▶ **What to work on**
Retype, exactly and completely, the listing that comes next, skipping its images.

▶ **Given information**
################
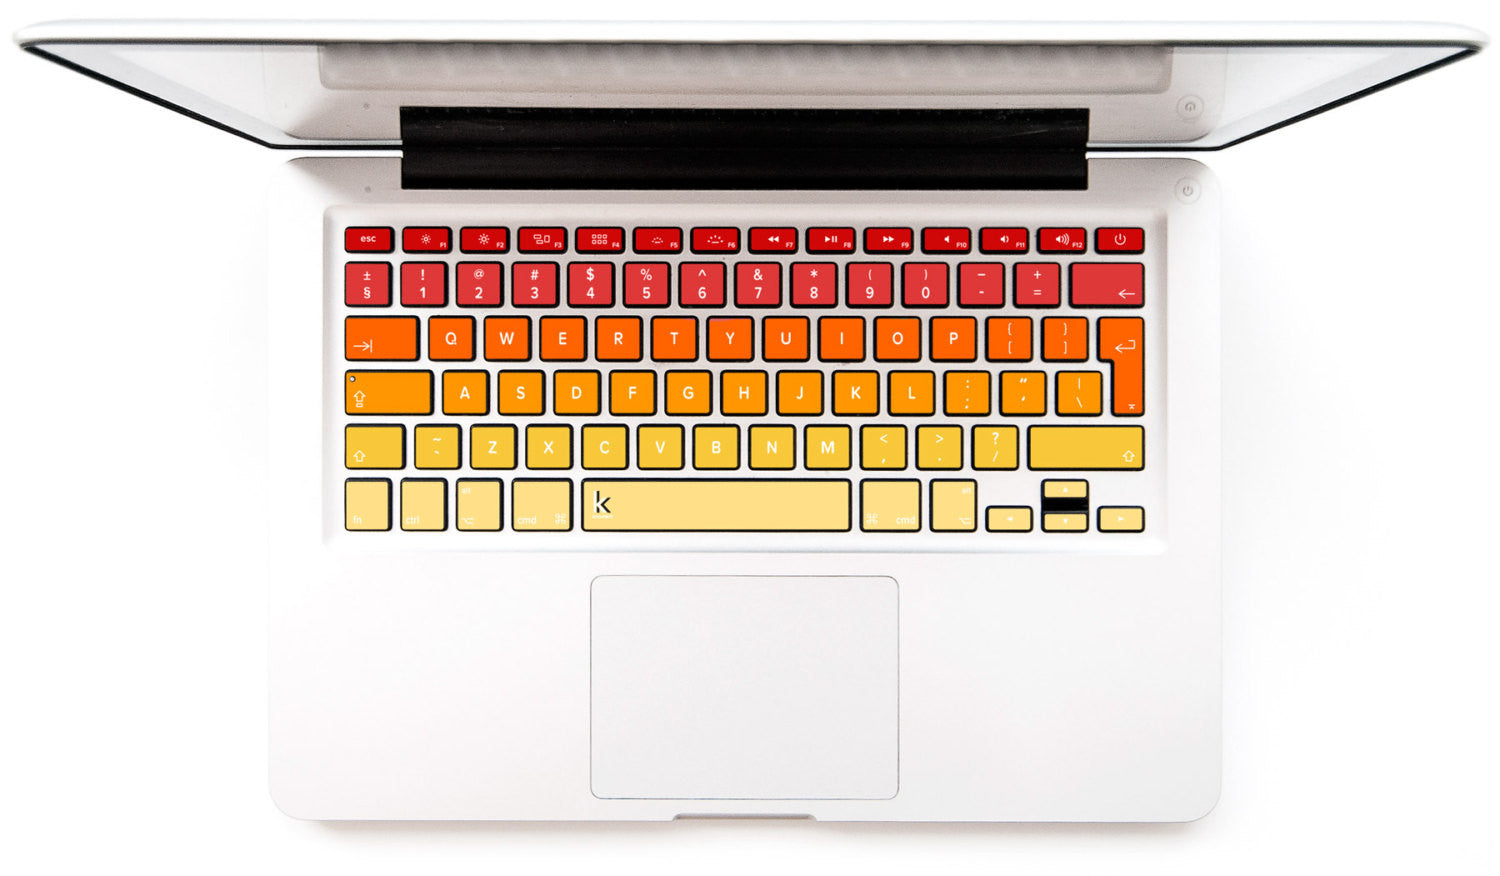 Hot Sauce MacBook Keyboard Stickers decals covers key overlays
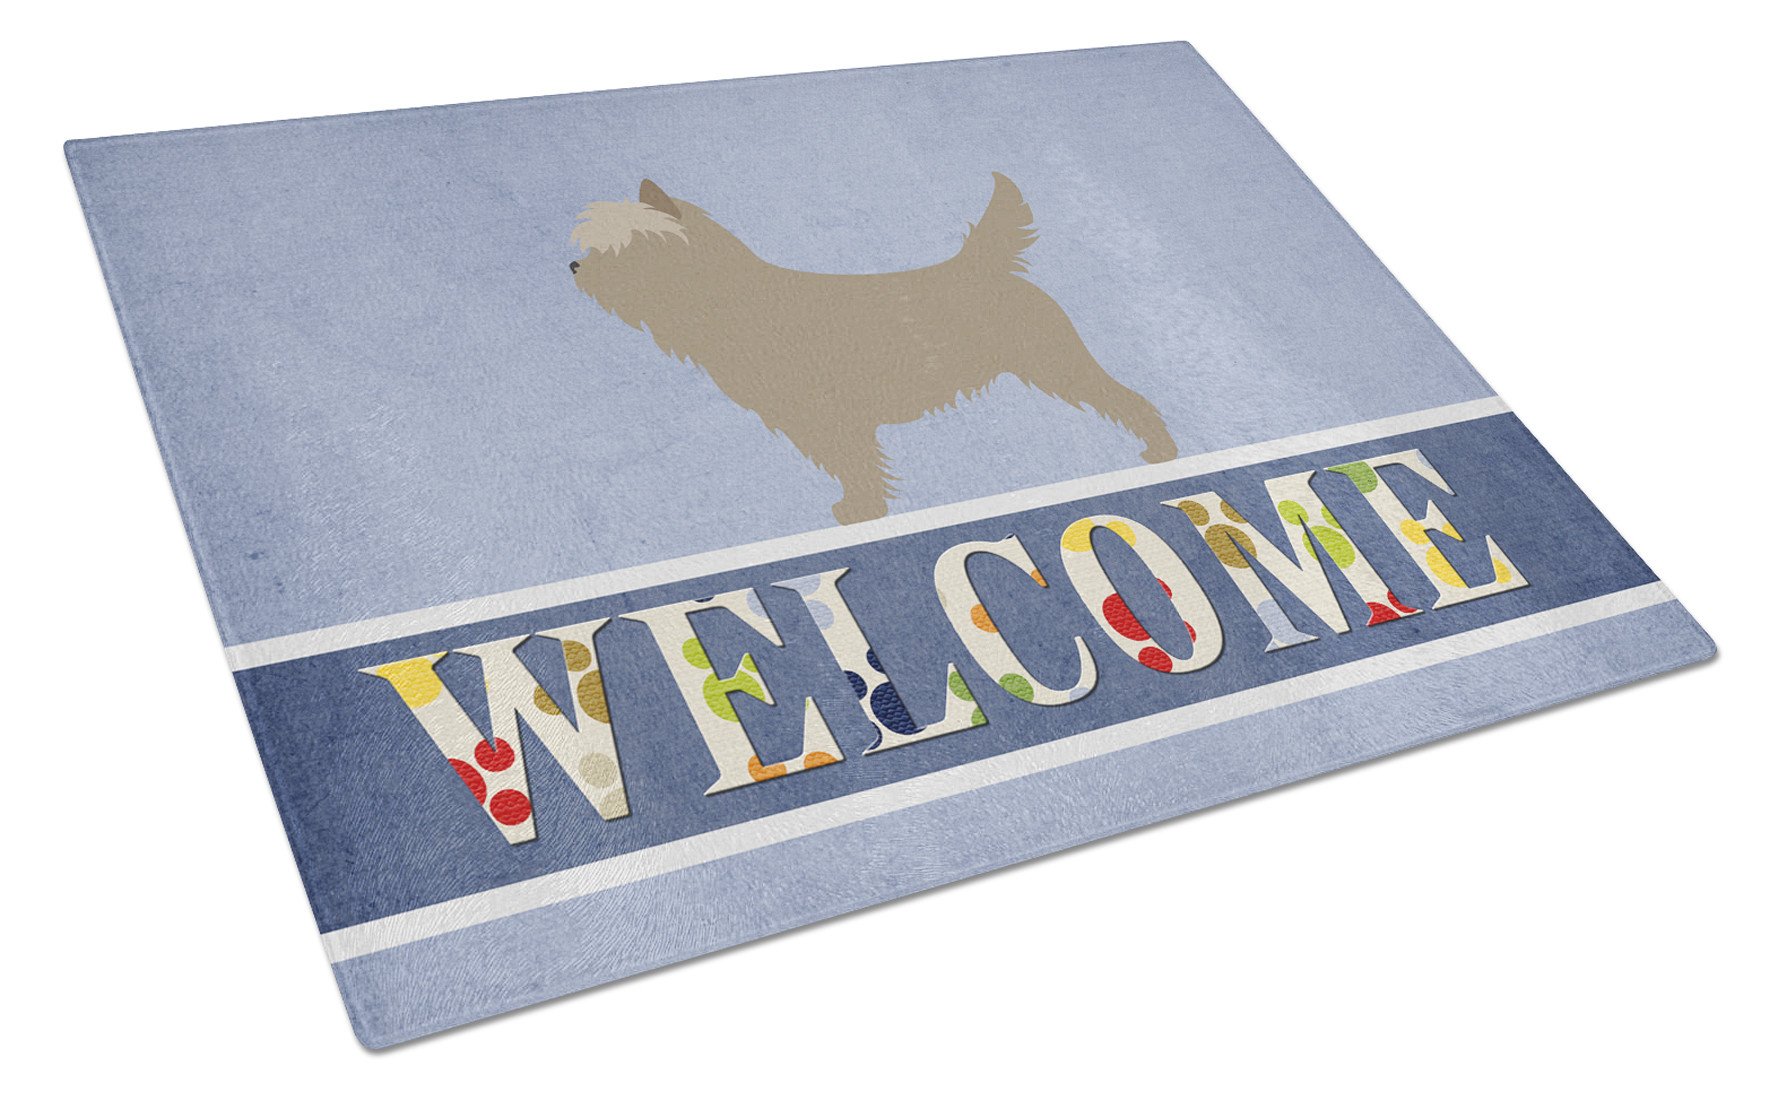 Cairn Terrier Welcome Glass Cutting Board Large BB8286LCB by Caroline's Treasures
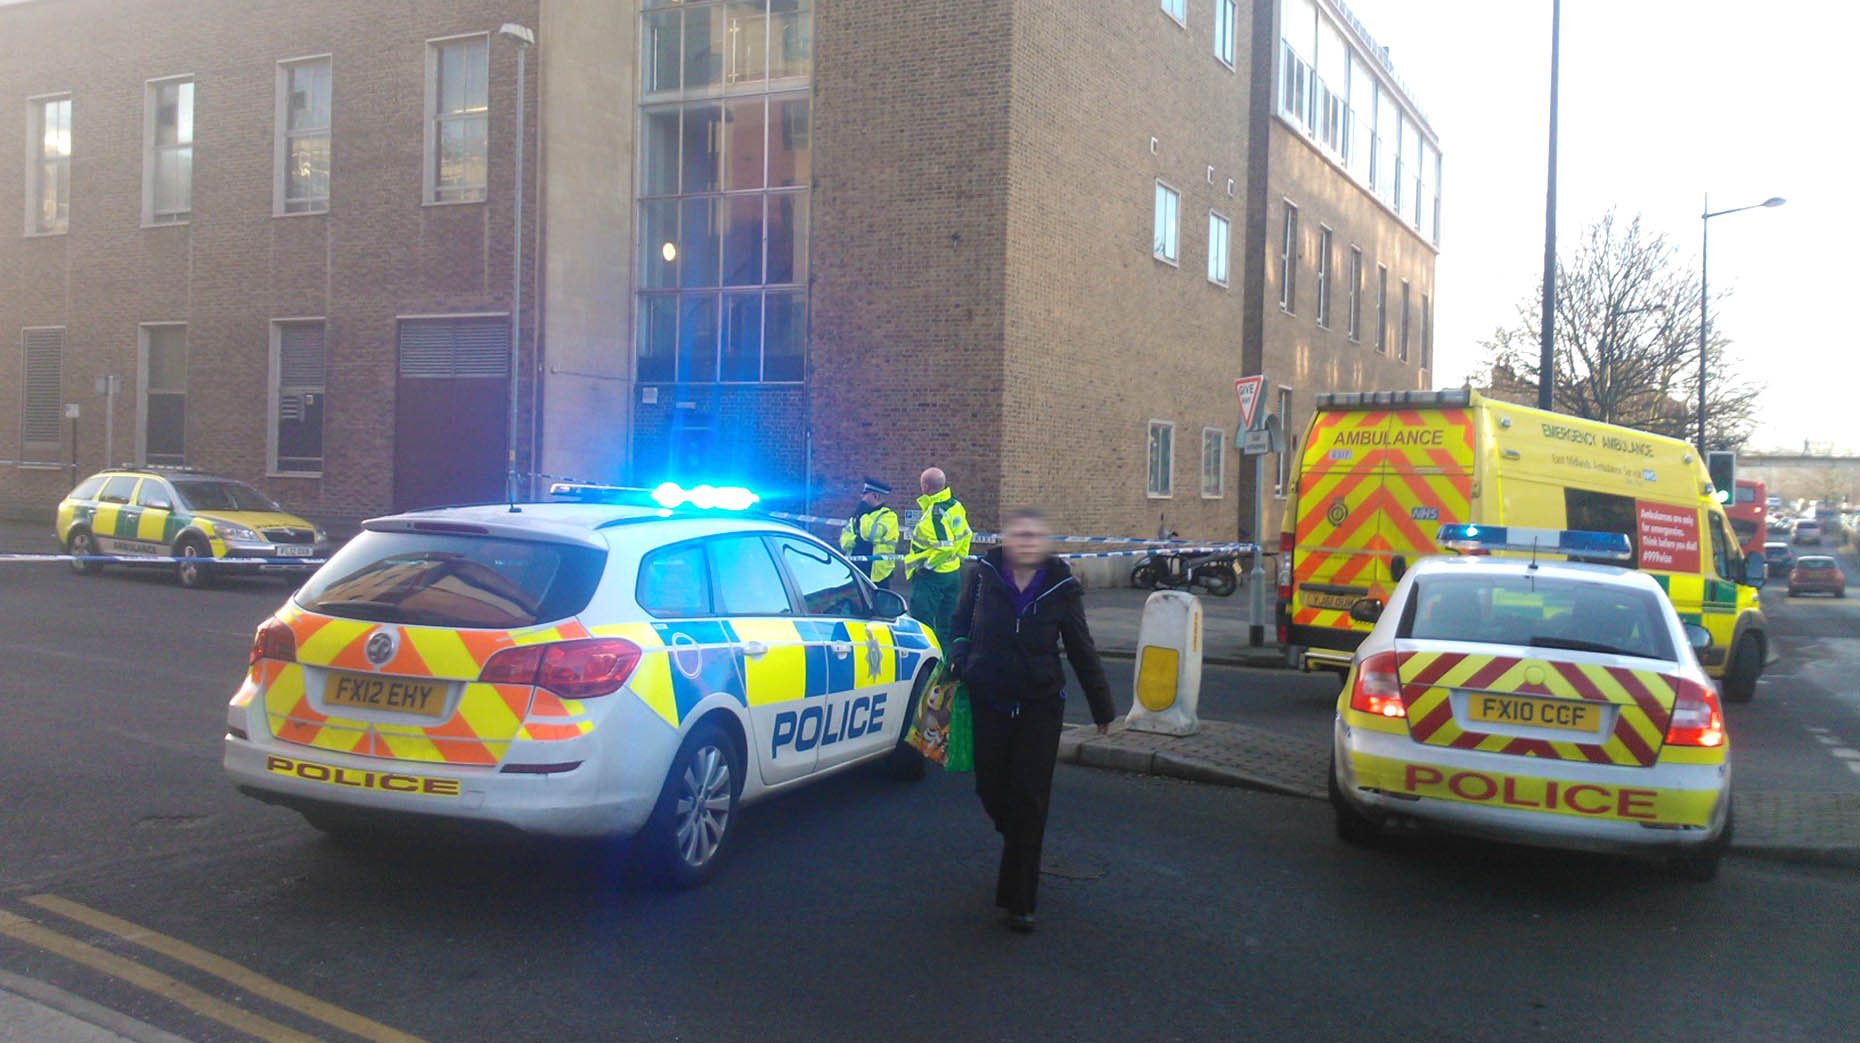 Police at the scene of the incident at Broadgate car park.
################
▶ **Answer to the exercise**
 Hot Sauce MacBook Keyboard Stickers decals covers key overlays
 Cairn Terrier Welcome Glass Cutting Board Large BB8286LCB by Caroline's Treasures
 Police at the scene of the incident at Broadgate car park.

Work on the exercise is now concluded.